[[ Exercise input, beginning ]]

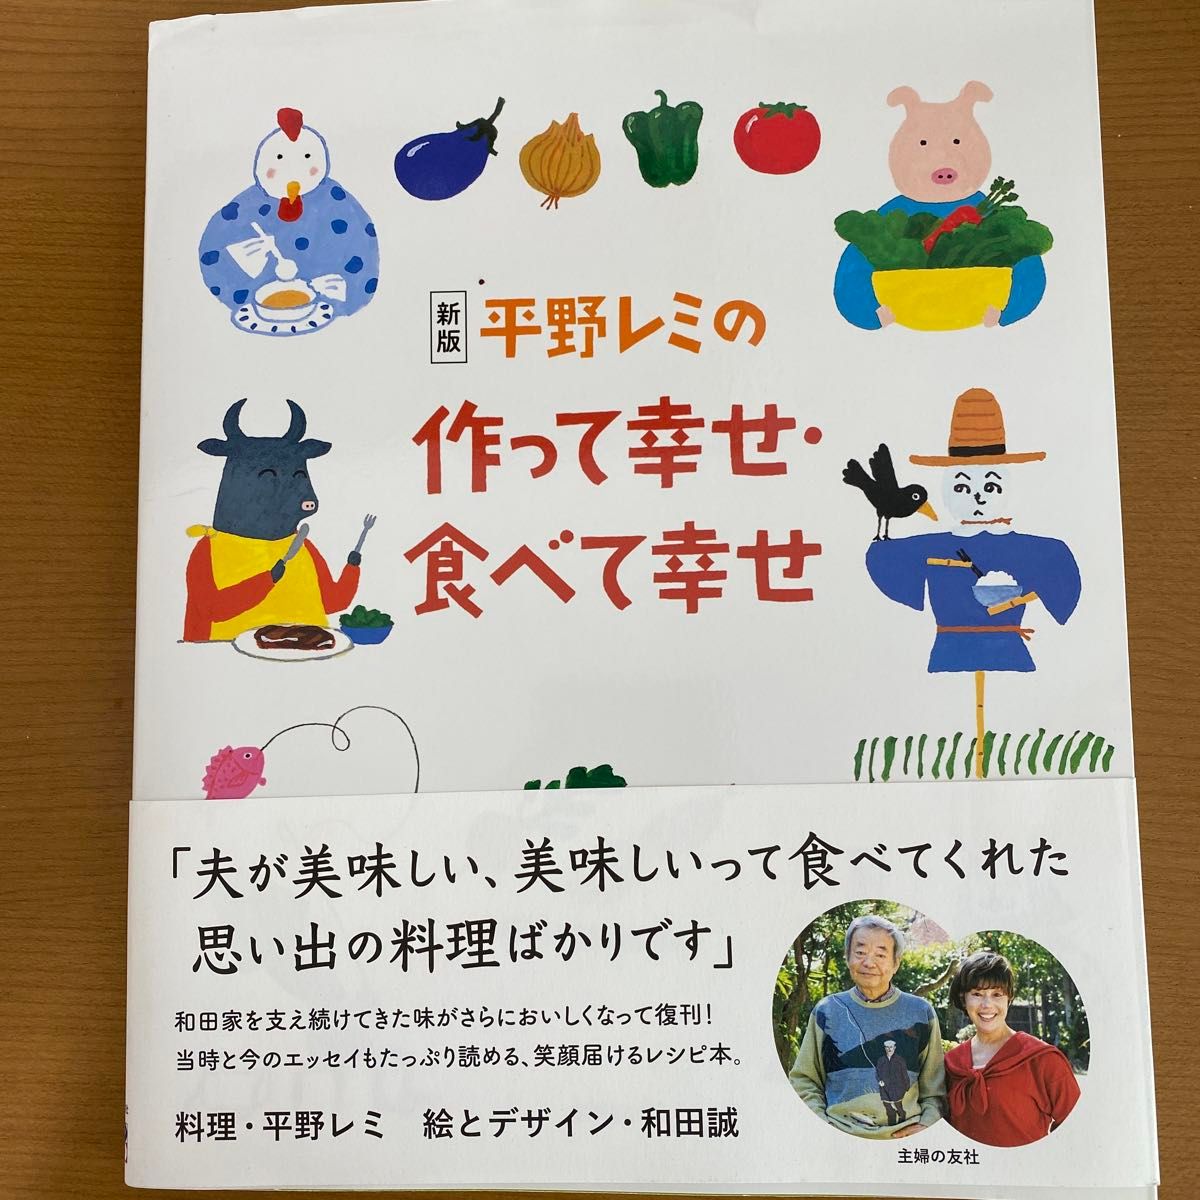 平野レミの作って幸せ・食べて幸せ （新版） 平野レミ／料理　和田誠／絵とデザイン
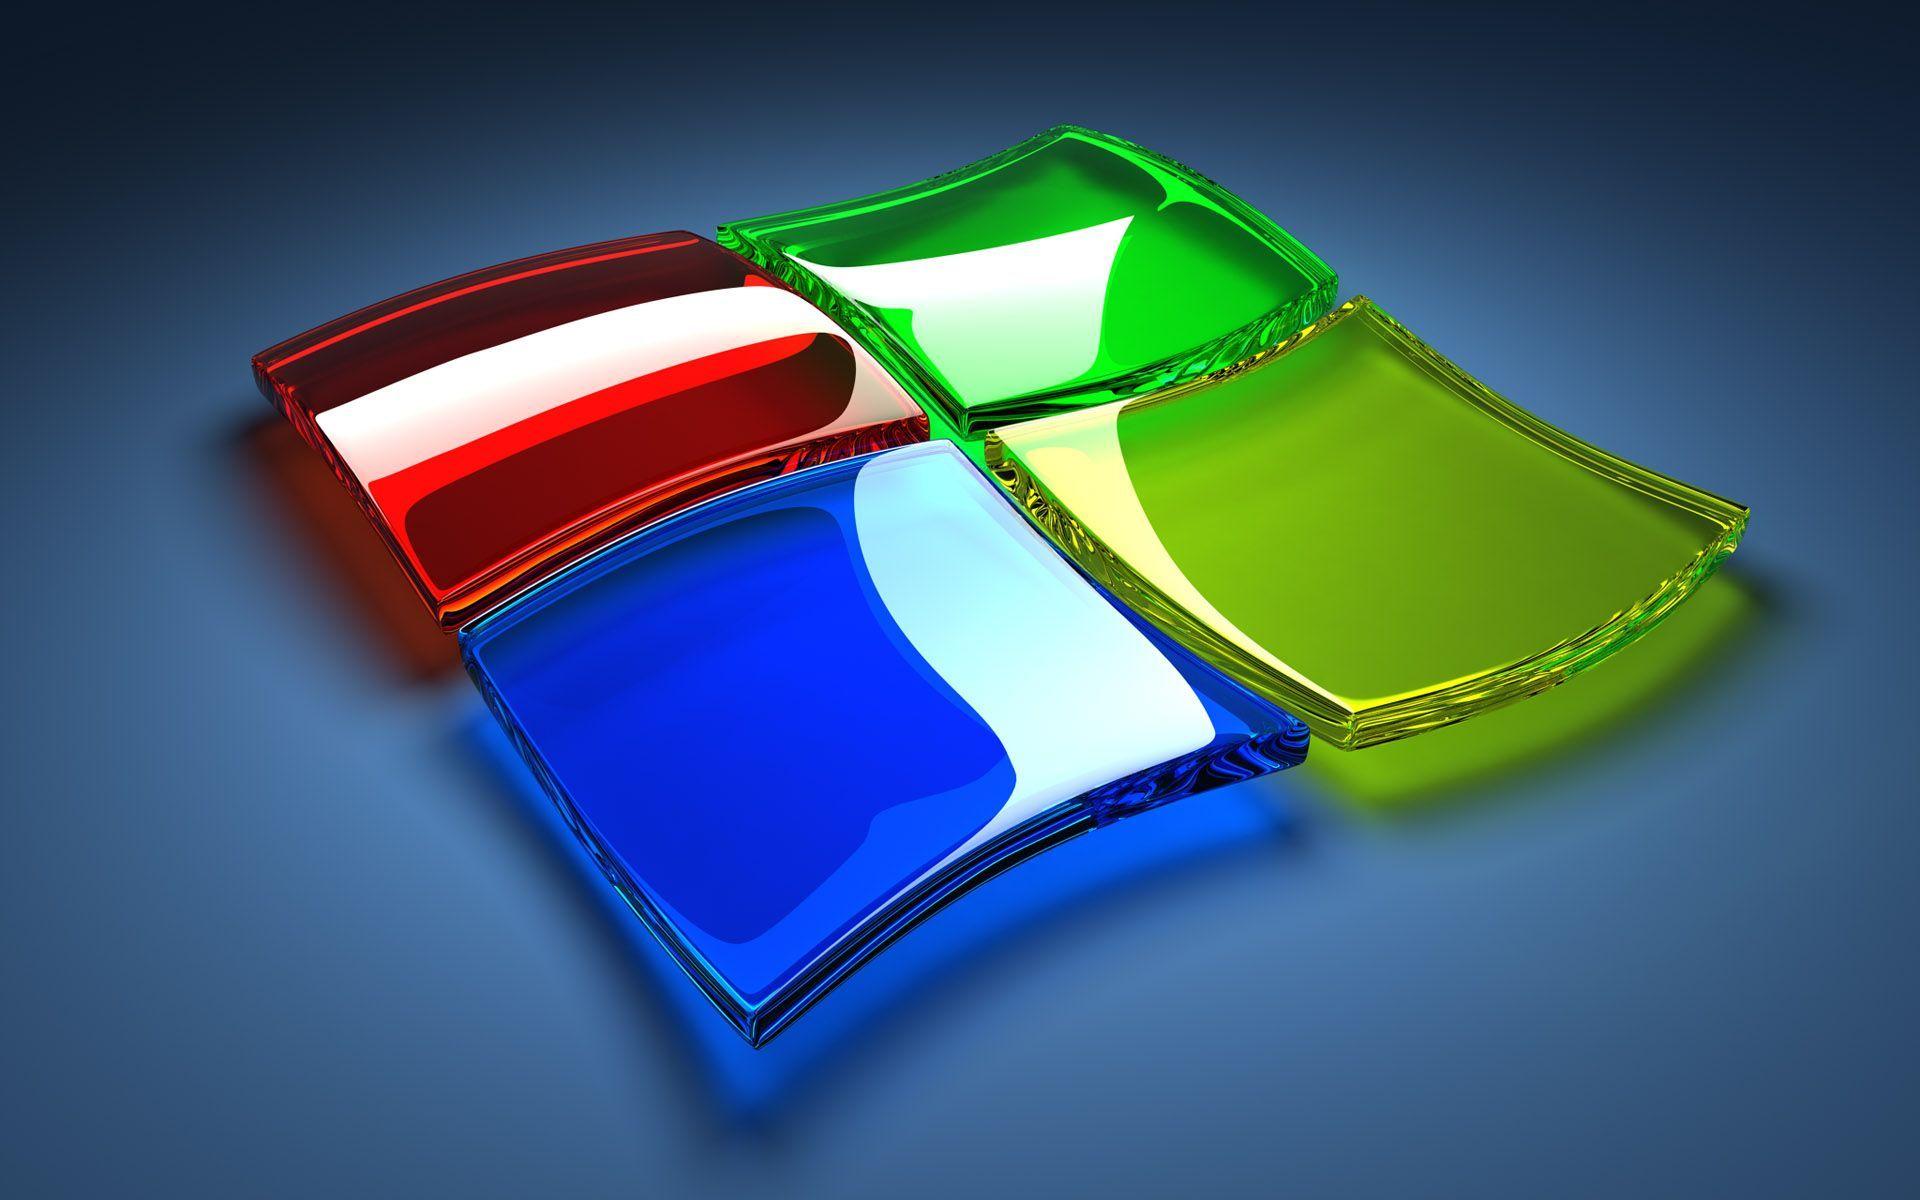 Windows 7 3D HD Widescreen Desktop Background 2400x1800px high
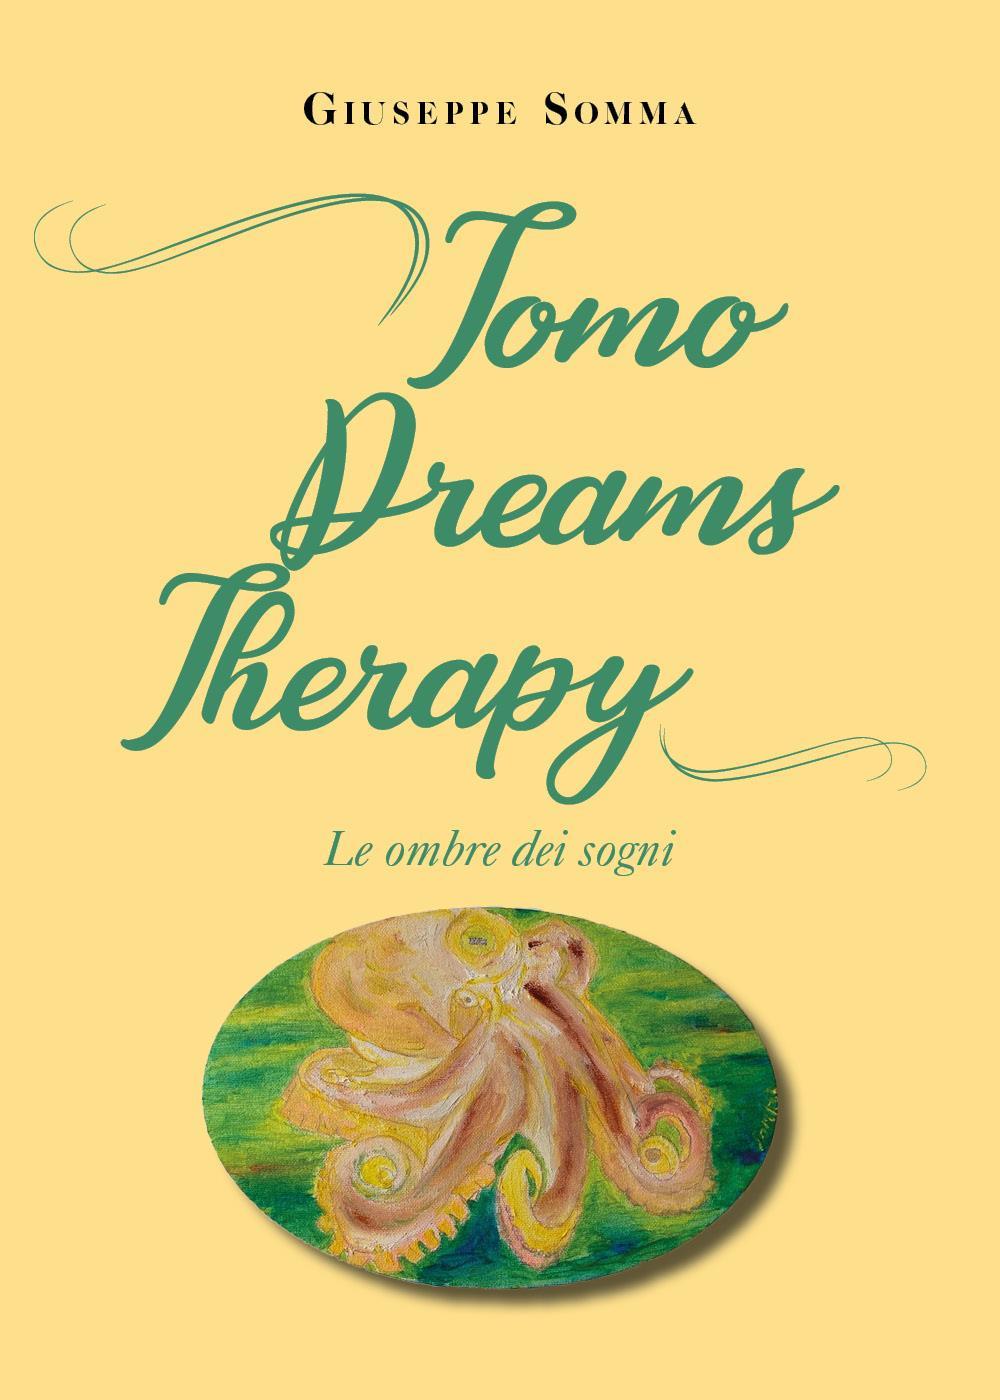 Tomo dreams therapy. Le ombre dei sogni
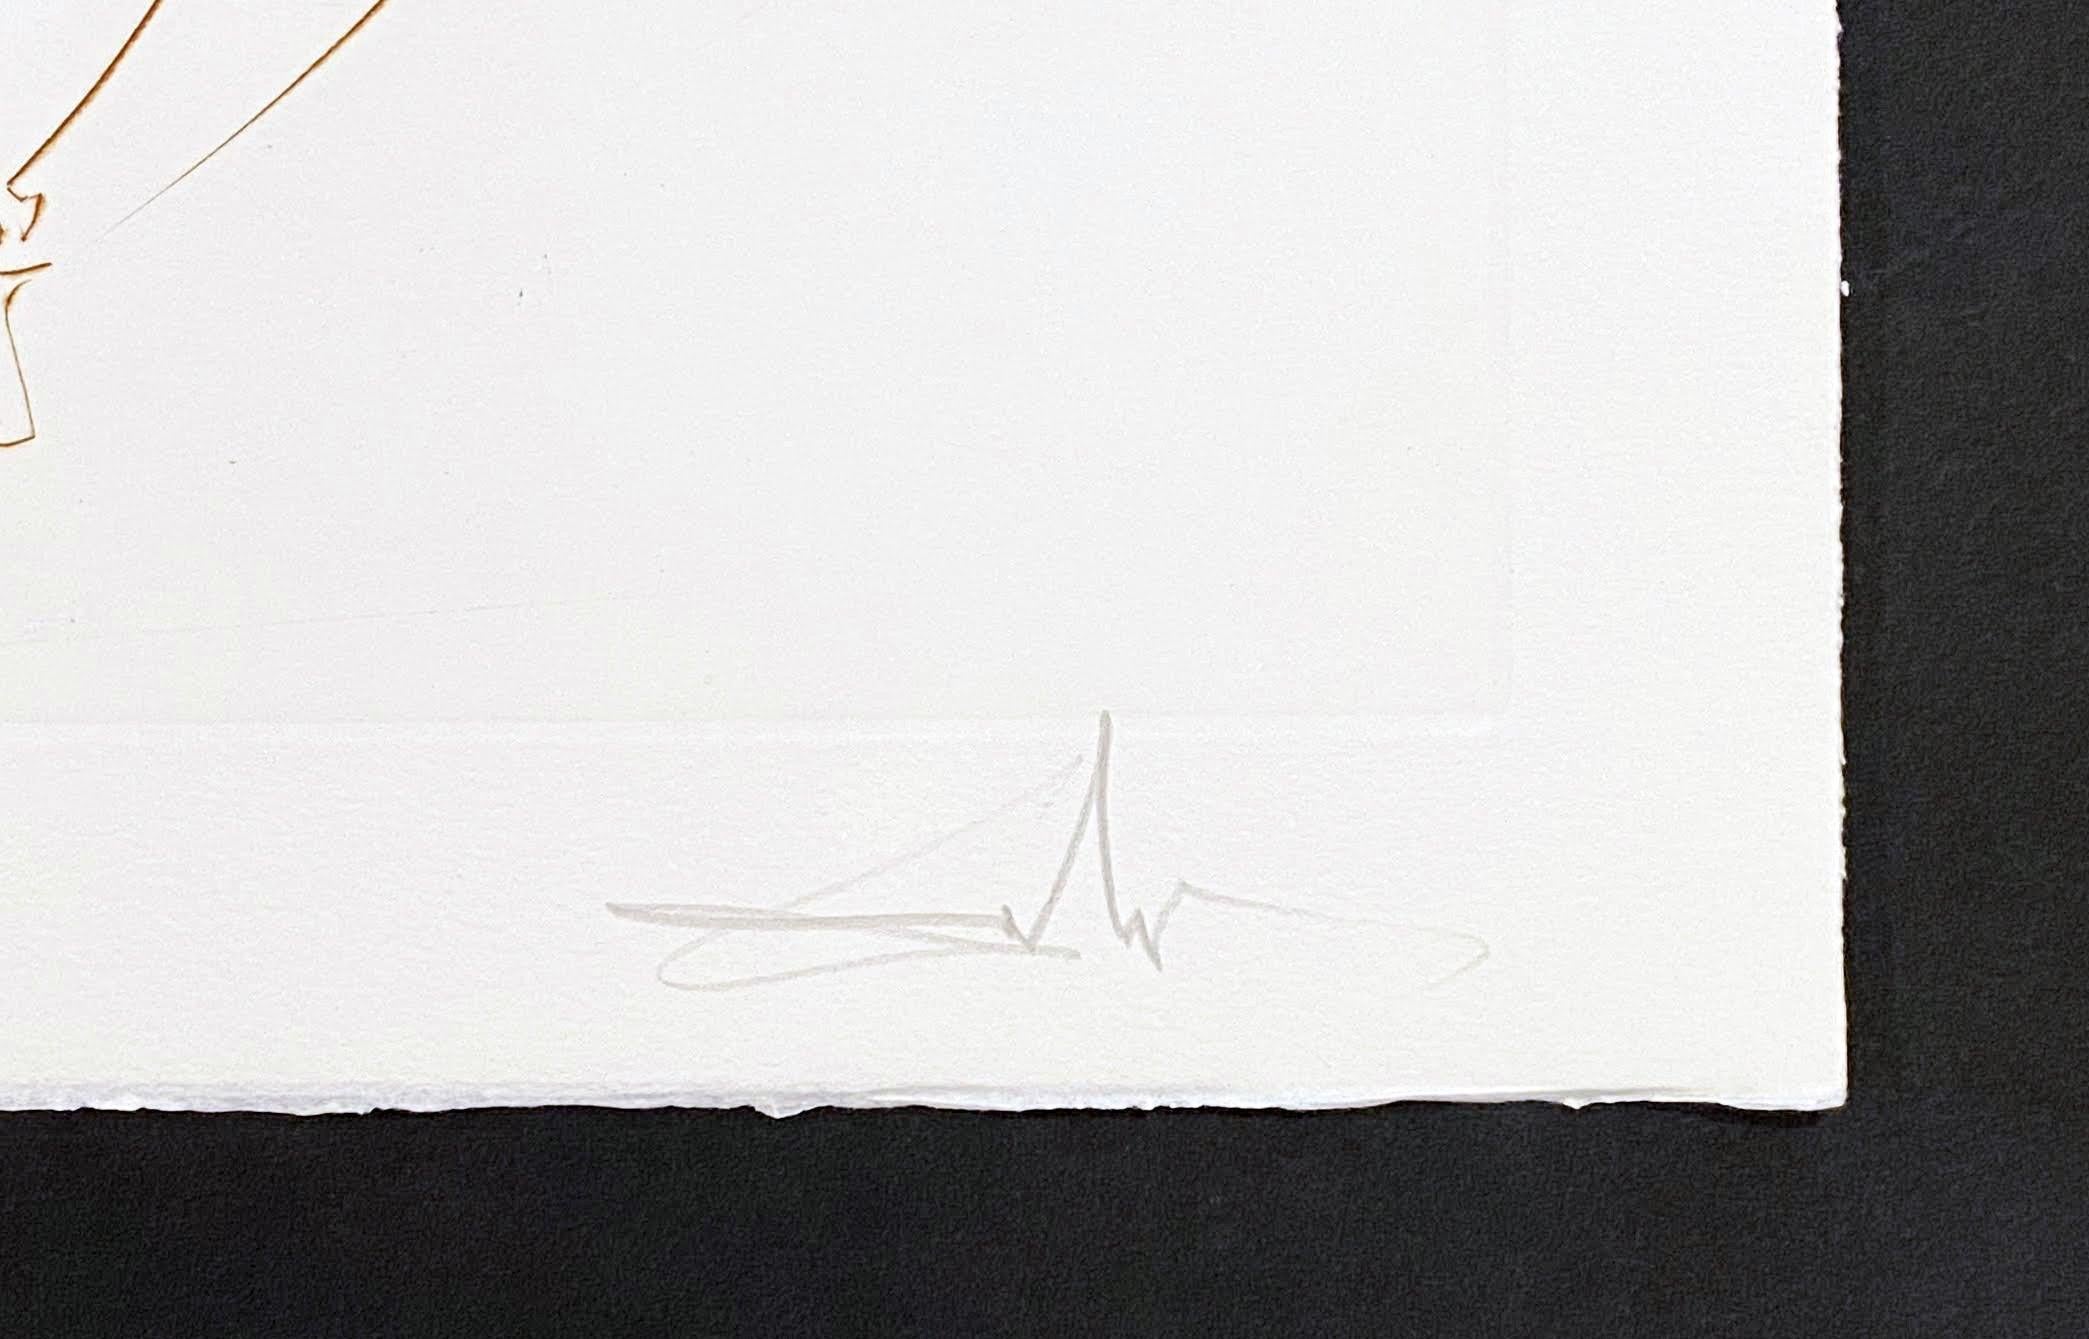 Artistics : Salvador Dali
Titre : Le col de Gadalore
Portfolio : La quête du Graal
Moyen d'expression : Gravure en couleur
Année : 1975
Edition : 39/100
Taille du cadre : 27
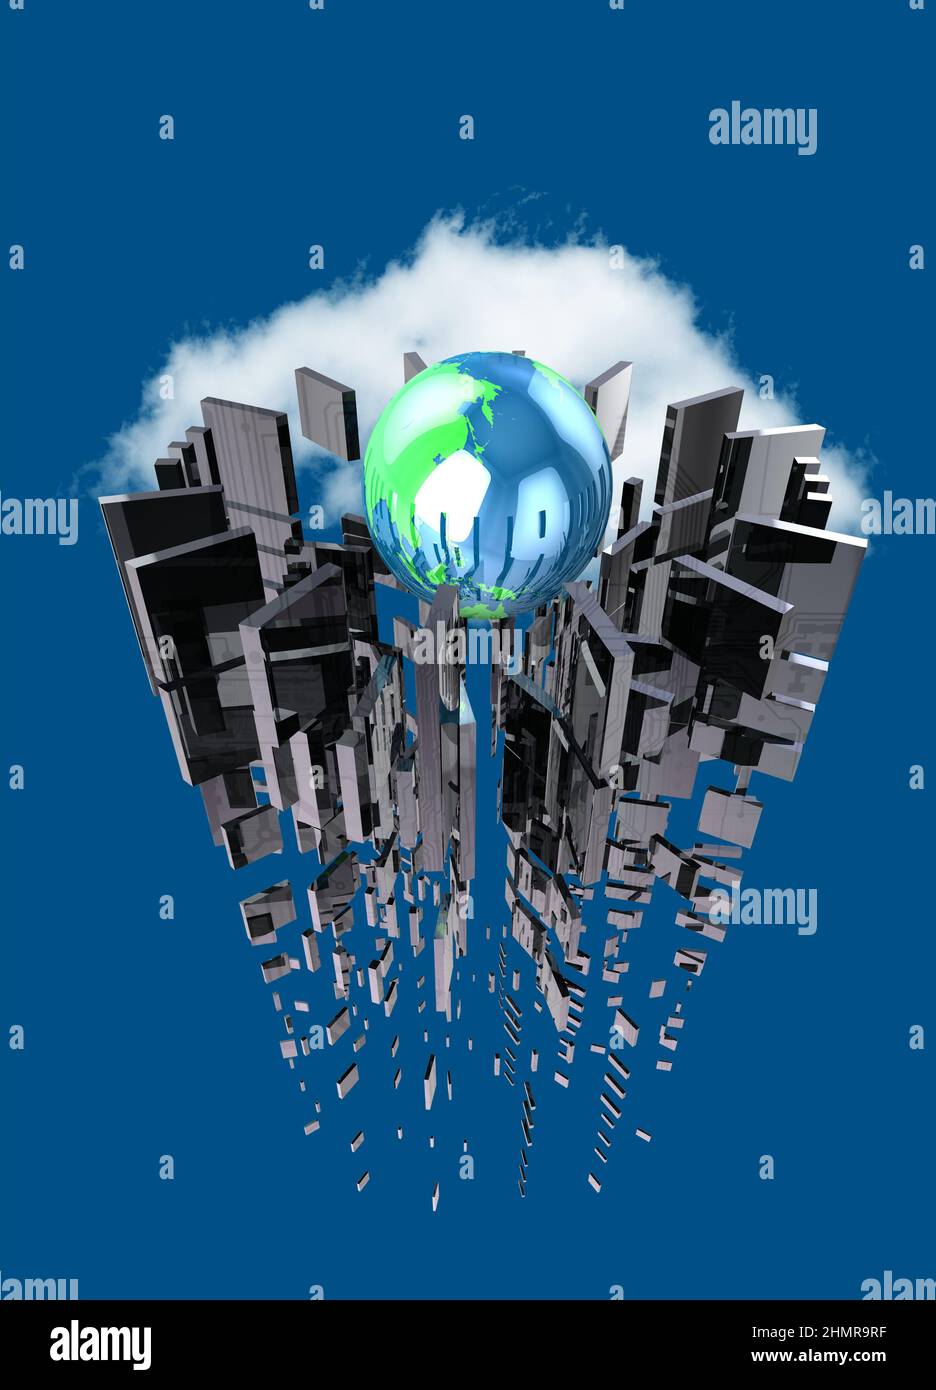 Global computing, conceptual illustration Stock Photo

[[ Exercise input, end ]]

Activity »
Word for word, write out each line from the one with "Portfolio : La quête du Graal" through the end of the entries above, and omit any pictures.

Exercise output »
Portfolio : La quête du Graal
Moyen d'expression : Gravure en couleur
Année : 1975
Edition : 39/100
Taille du cadre : 27
 Global computing, conceptual illustration Stock Photo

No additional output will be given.